Brazil established a proactive and universal primary health care system with community health workers serving as the front door, recruiting patients to utilize the largest universal free public health care system in the world.

Brazil’s CHW program prioritizes access for low-income and vulnerable groups. Some municipalities and states have also built strong data systems to ensure they are providing tailored programming where it is needed most. Once a month CHWs visit the 100-150 households they serve to educate patients on best health and hygiene practices, encourage health seeking behavior and preventive care, follow up with sick patients after medical appointments, and help address challenges in accessing other government services.

KEY INSIGHT

Integration

Community health workers are integrated into a strong primary health care team and system.

Brazil embedded CHWs into a strong primary health care team, the Family Health Team. As a core member of this team, CHWs identify patients, coordinate patient care and outreach, and troubleshoot challenges with individual patients, families, and the larger community.
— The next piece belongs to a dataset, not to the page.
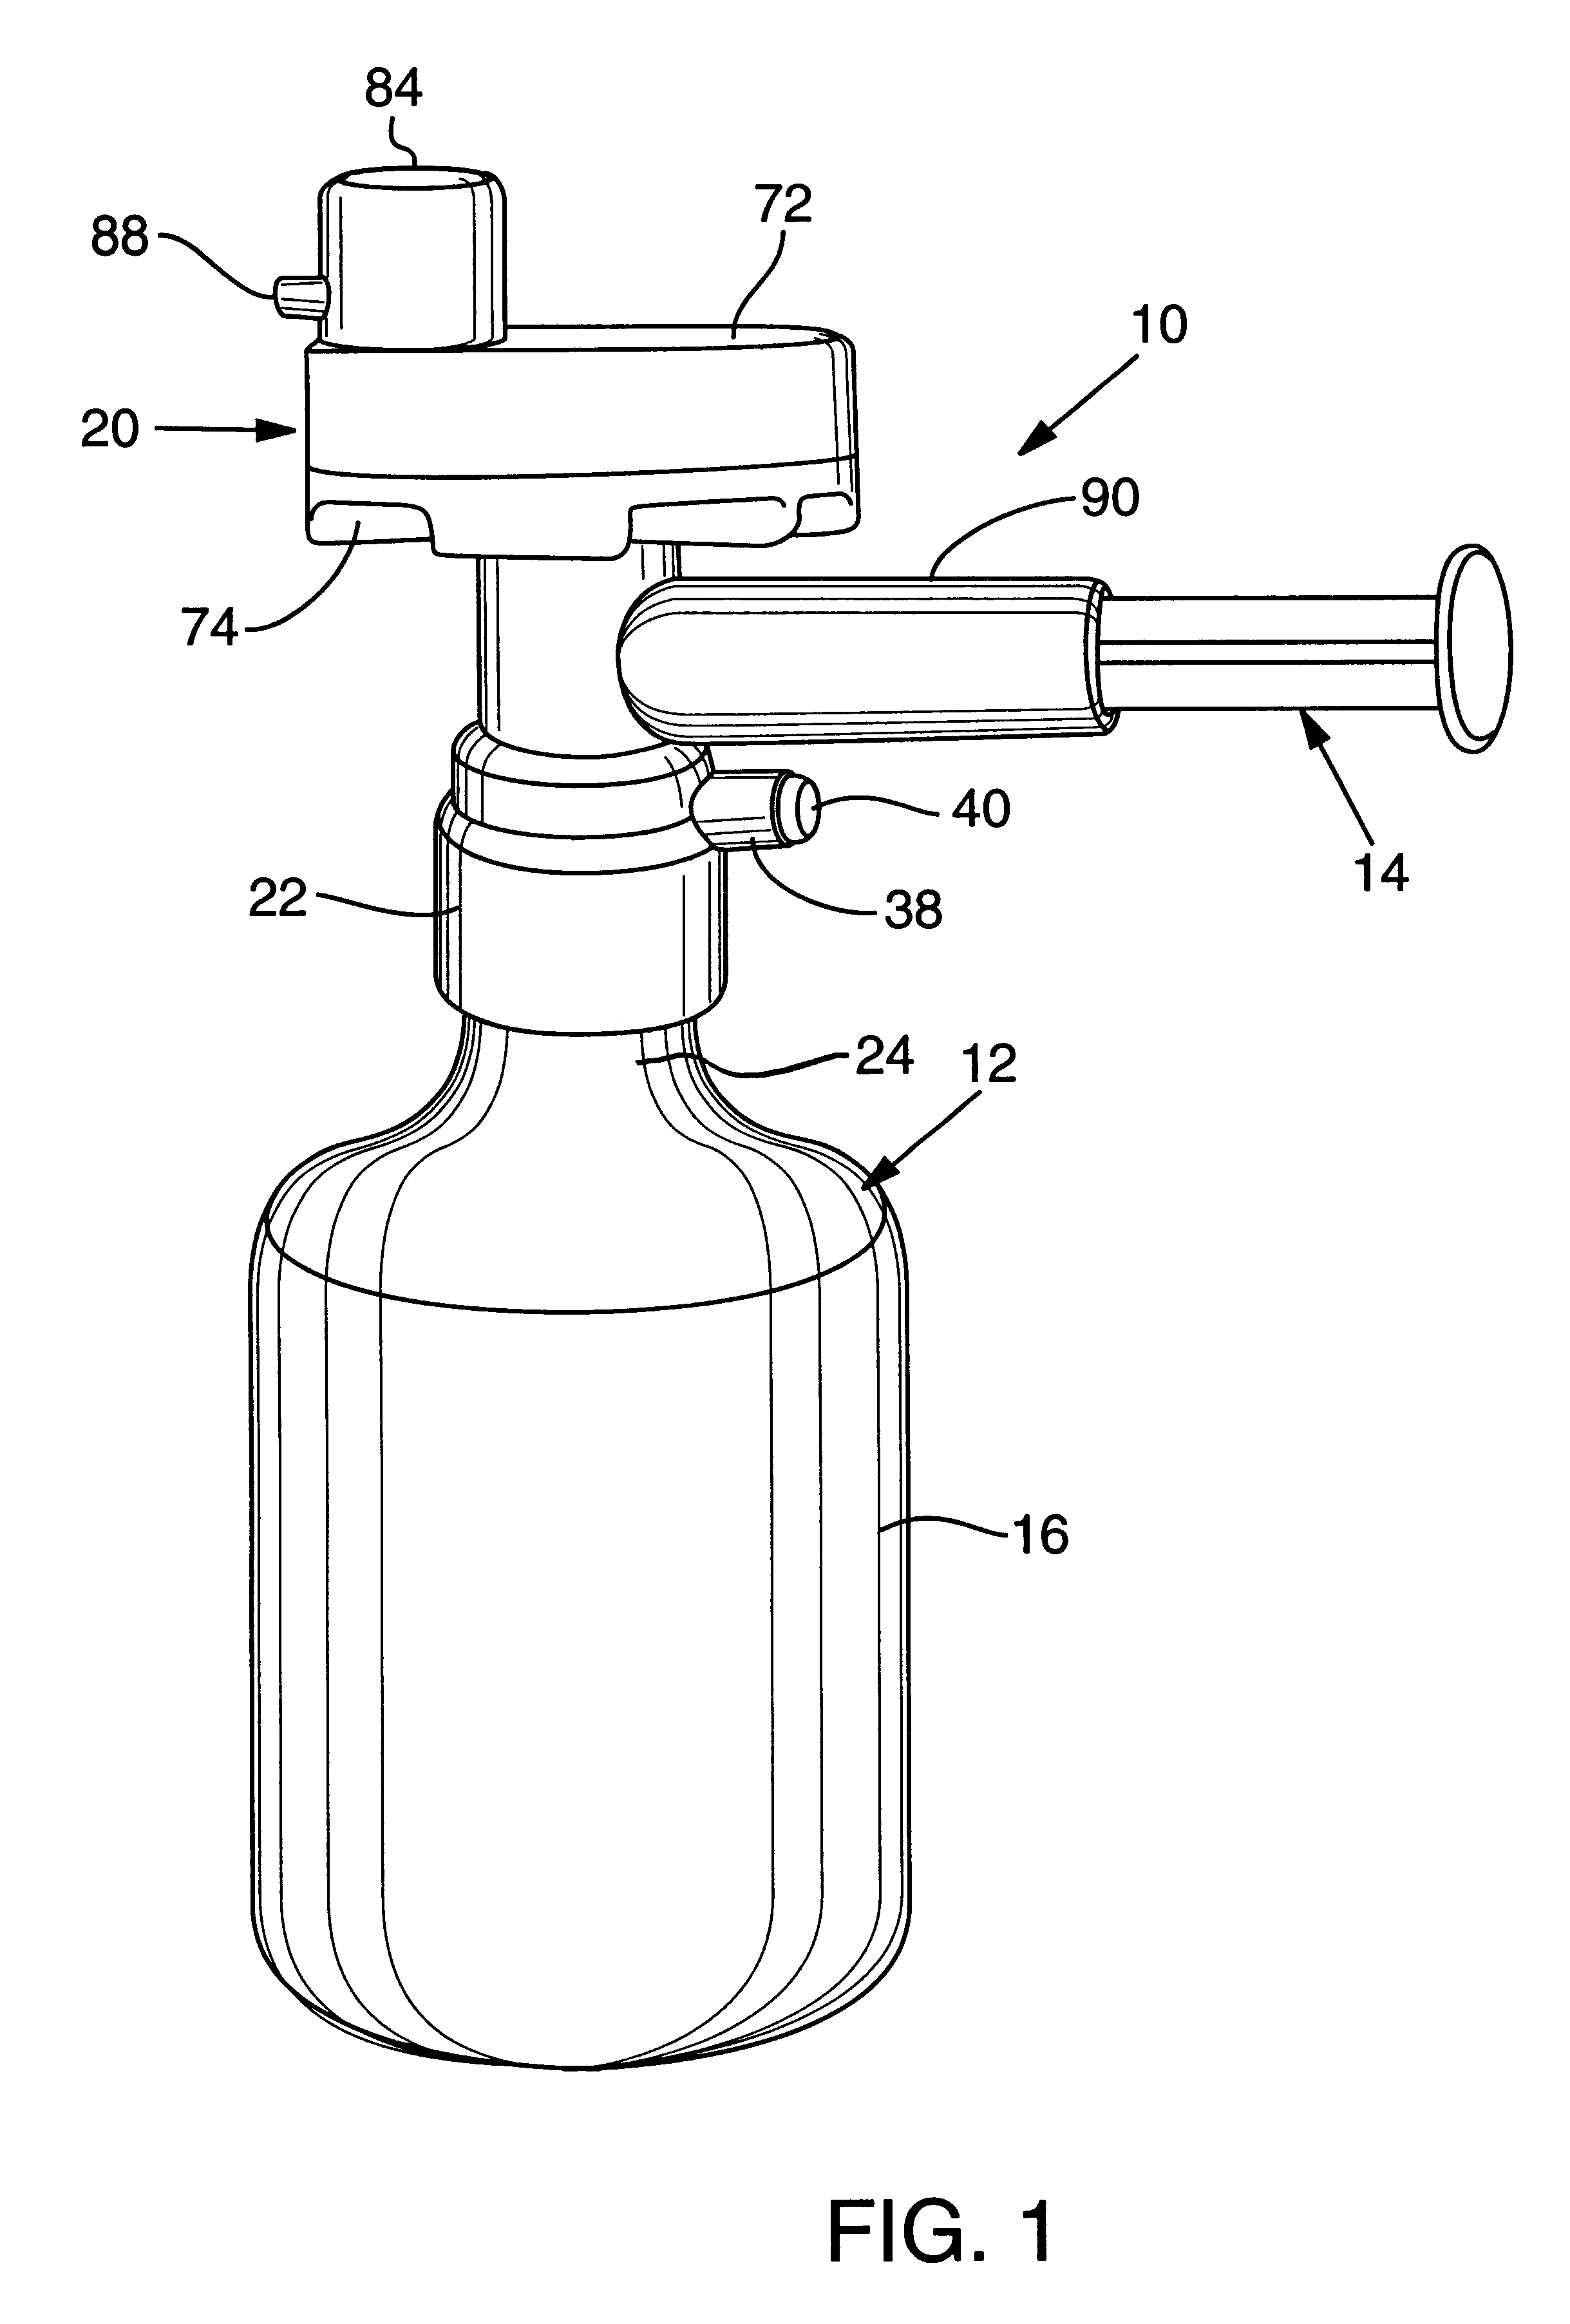 Method and apparatus for removing air locks within manually operated micro-filtration devices

This integration strengthens the CHW’s ability to link communities to a continuum of preventive and curative care provided by the Family Health Team at nearby primary health care facilities, and leverages the deep knowledge of CHWs as community insiders to better serve families. The cultural competence of CHWs benefits both families and the Family Health Team as a whole.

A community health worker administers a test for malaria in a rural area of Manaus, Brazil
A community health worker administers a test for malaria in a rural area of Manaus.